Eind 1932 werd niet alleen besloten om
de werkloosheidsuitkeringen te
verlagen, maar werd ook medewerking
van de vakbeweging gevraagd om lonen
en salarissen in het bedrijfsleven te
verlagen. „Een ergerlijk voorstel", riep A.
C. de Bruijn, voorman van de katholieke
vakbeweging en de „rode" bonden
rukten massaal protesterend op naar
Den Haag. Dit alles nam niet weg, dat die
verlaging wel spontaan tot stand kwam.
Alom, bij de overheid en in het
bedrijfsleven, was „aanpassen" het
devies, de minlijn zouden we nu zeggen.
De ambtenarensalarissen kelderden
tussen 1932 en 1936 met zo'n 30 procent,
dé lonen in het bedrijfsleven circa 15
procent. Plezierig was dit uiteraard niet,
maar tegenover de aanpassing van de
salarissen stond een overeenkomstige
prijsdaling, zodat men er volgens de'
rekenmeesters in koopkracht niet op
achteruit ging. Andere cijferaars
kwamen tot andere uitkomsten. Een feit
is, dat in 1933 de lonen sneller daalden
dan de prijzen-. Aanpassen, werd
opnieuw geroepen, de
concurrentiekracht van Nederland als
exportland moet worden hersteld. Op de
kruiser „De Zeven Provinciën" brak
muiterij uit vanwege dat aanpassen...
De achtereenvolgende kabinetten
hadden het er maar moeilijk mee. Er
werd geroepen om een sterke man en
die zag men in dr. Hendrik Colijn, die in
1933 minister-president werd van een
kabinet van confessionelen en liberalen.
Hij pakte de zaken krachtig aan, wat
hem lang niet door iedereen in dank
werd afgenomen. Eerder had hij, de
kampioen van de vrijhandel, ermee
moeten instemmen dat ook Nederland
importbarrières ging opwerpen, in 1936
moest hij een ander troetelkind, de
goudstandaard, loslaten en tot
devaluatie besluiten.

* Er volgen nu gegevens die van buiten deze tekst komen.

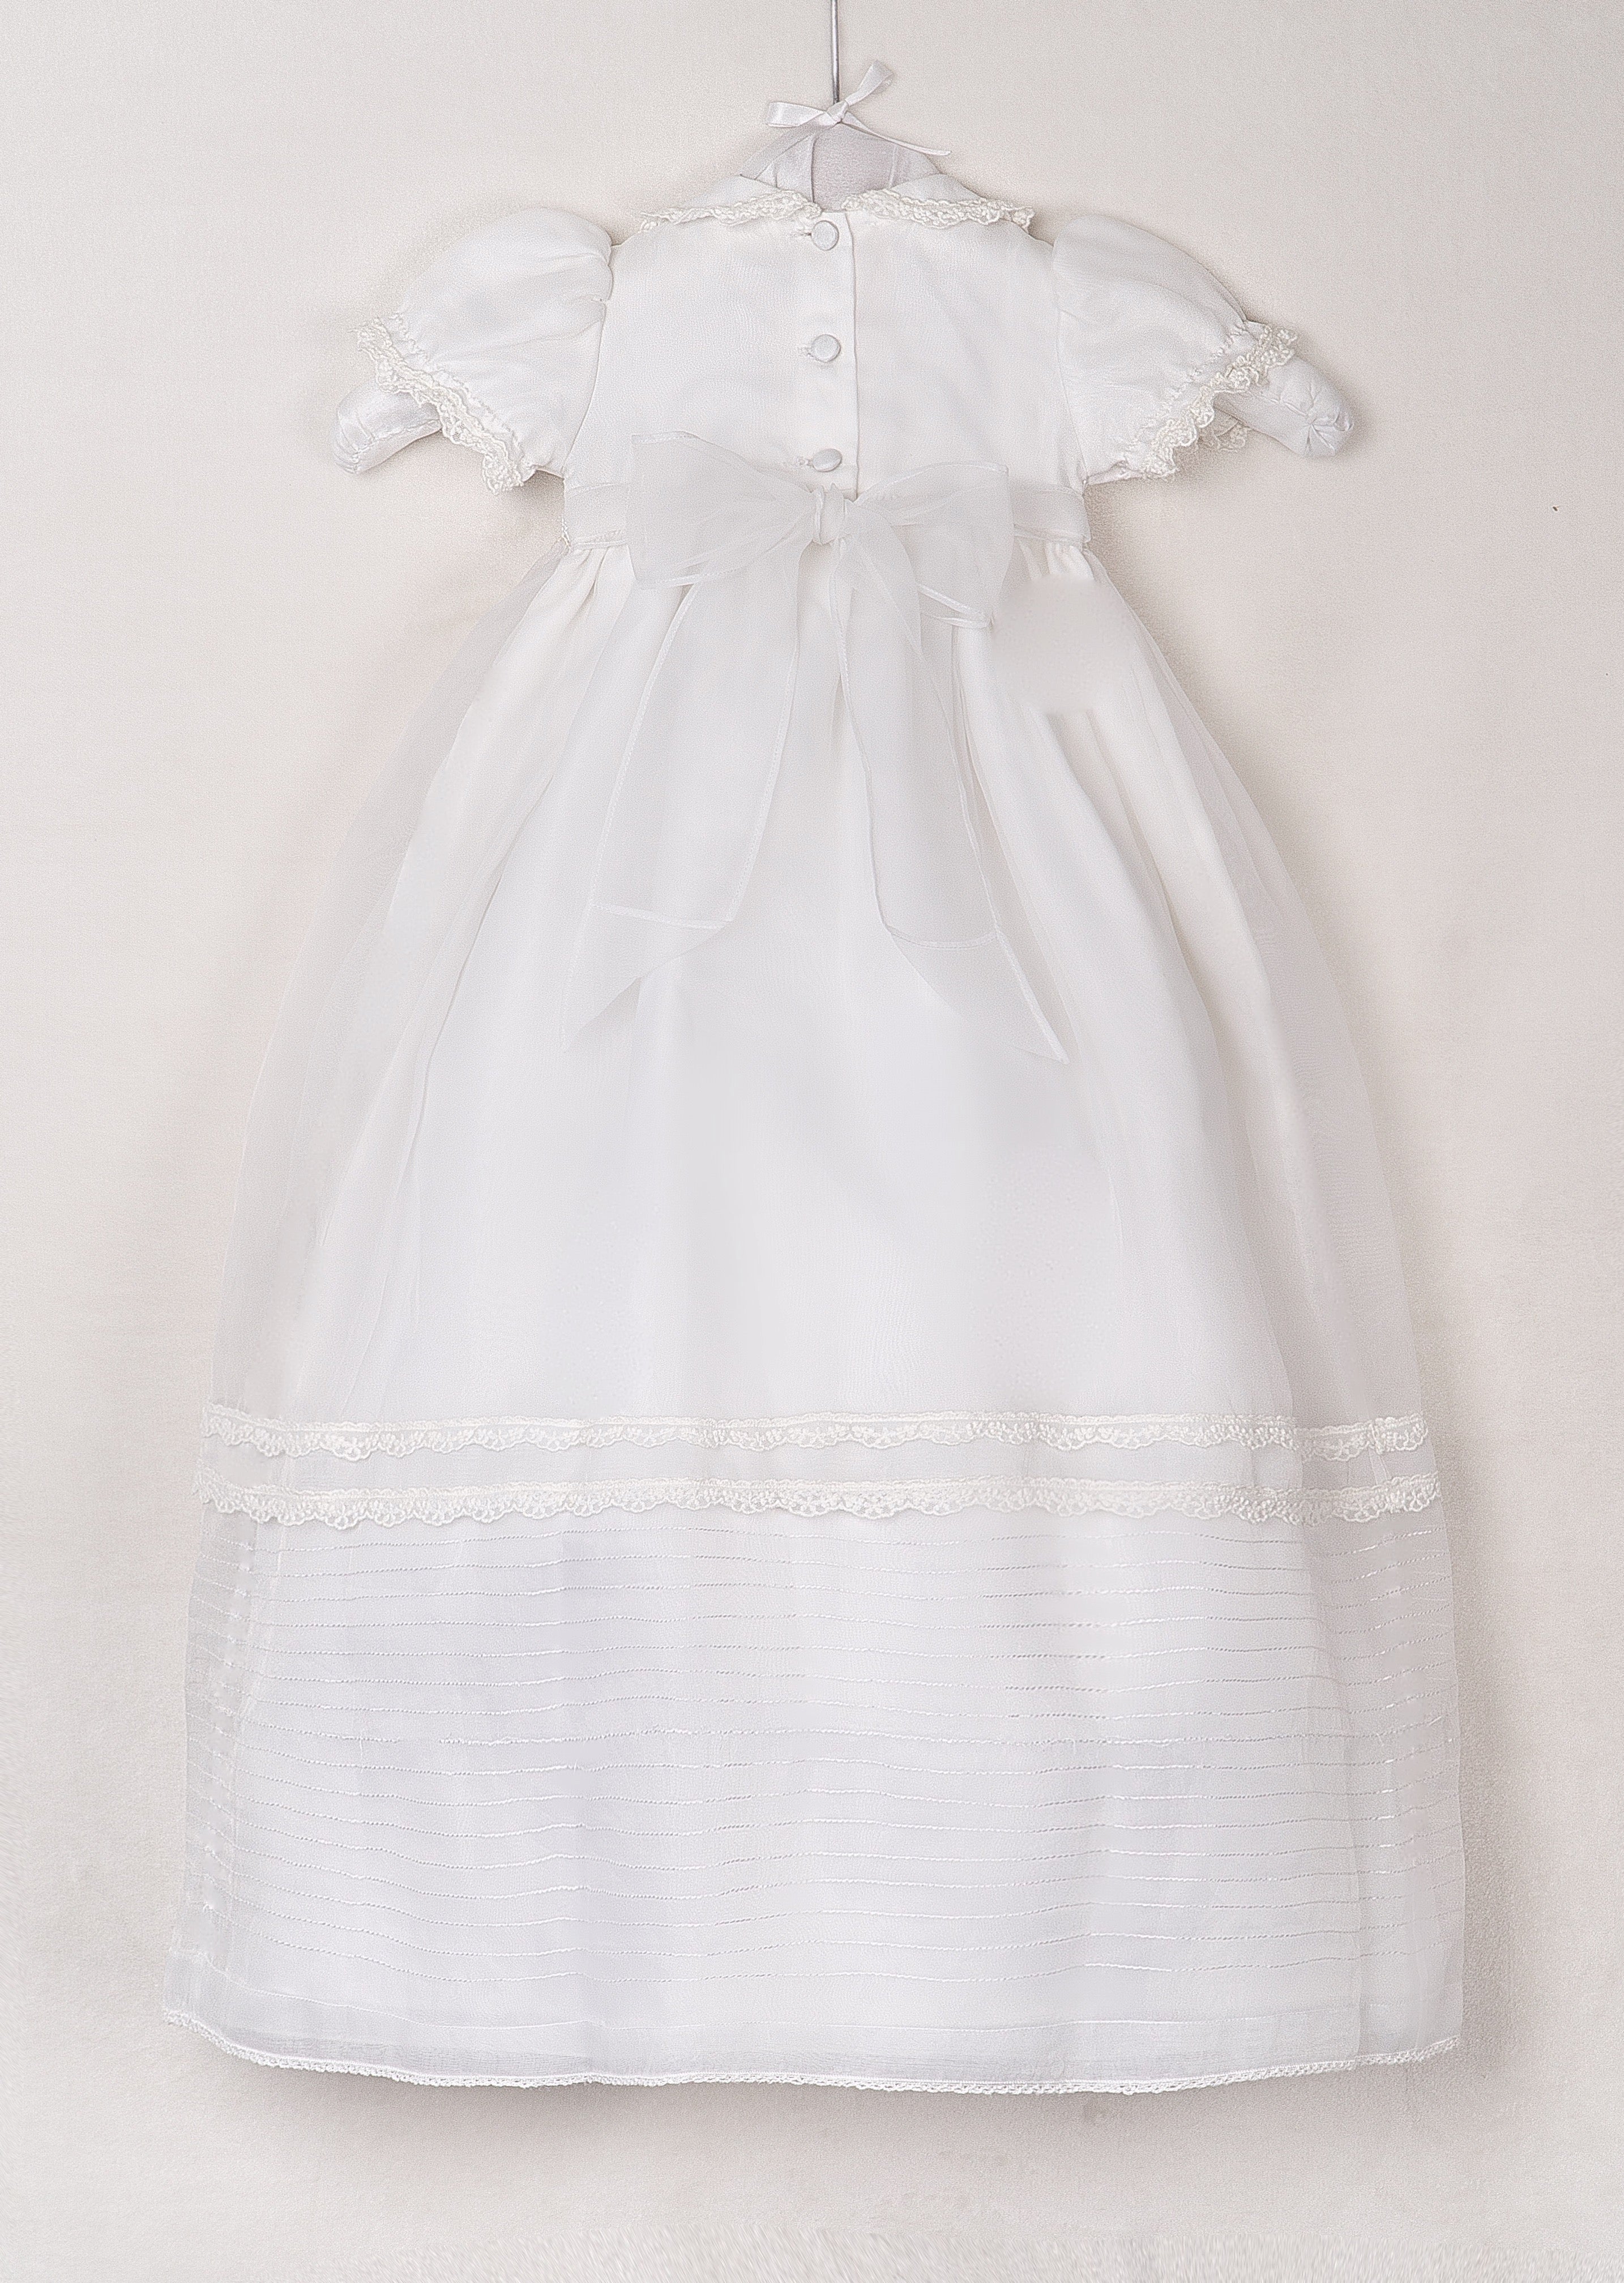 Pick Lovely Unique Baby Girl Baptism Dresses and Gowns

En op Sociale
Zaken kwam Romme, die de
werkloosheid te lijf wilde gaan met
werkkampen.
In 1936 raakten crisis en werkloosheid
over hun hoogtepunten heen en ging
Nederland tot aan de Tweede
Wereldoorlog weer bergopwaarts. Maar
de beklemmende herinnering bleef en
beïnvloedde ook na 1945 nog lang het
handelen van leidinggevenden. We
herinneren ons een minister van
wederopbouw (In 't Veld), die ondanks
een gigantische woningnood de
nieuwbouw temperde uit angst voor
nieuwe werkloosheid in de bouw. We
herinneren ons een vakbondsman
(Roemers), dié geen hoge looneisen
durfde stellen, bang als hij was dat
werkloosheid, die hij van huis uit had
gekend, er het gevolg van zou kunnen
zijn. En dit alles ondanks het feit, dat
economen die de vooroorlogse
ontwikkelingen haarfijn hadden
geanalyseerd, de verzekering gaven dat
men thans over voldoende inzicht en
instrumenten beschikte om herhaling
van de jaren dertig te voorkomen. „Dit
kan niet opnieuw gebeuren", riepen ze in
koor. Thans, aan de vooravond van de
jaren tachtig, weten we wel beter...
Dagelijks stonden de werklozen in weer en wind in de rij. Was het niet voor een stempel, dan was het voor gratis voedsel.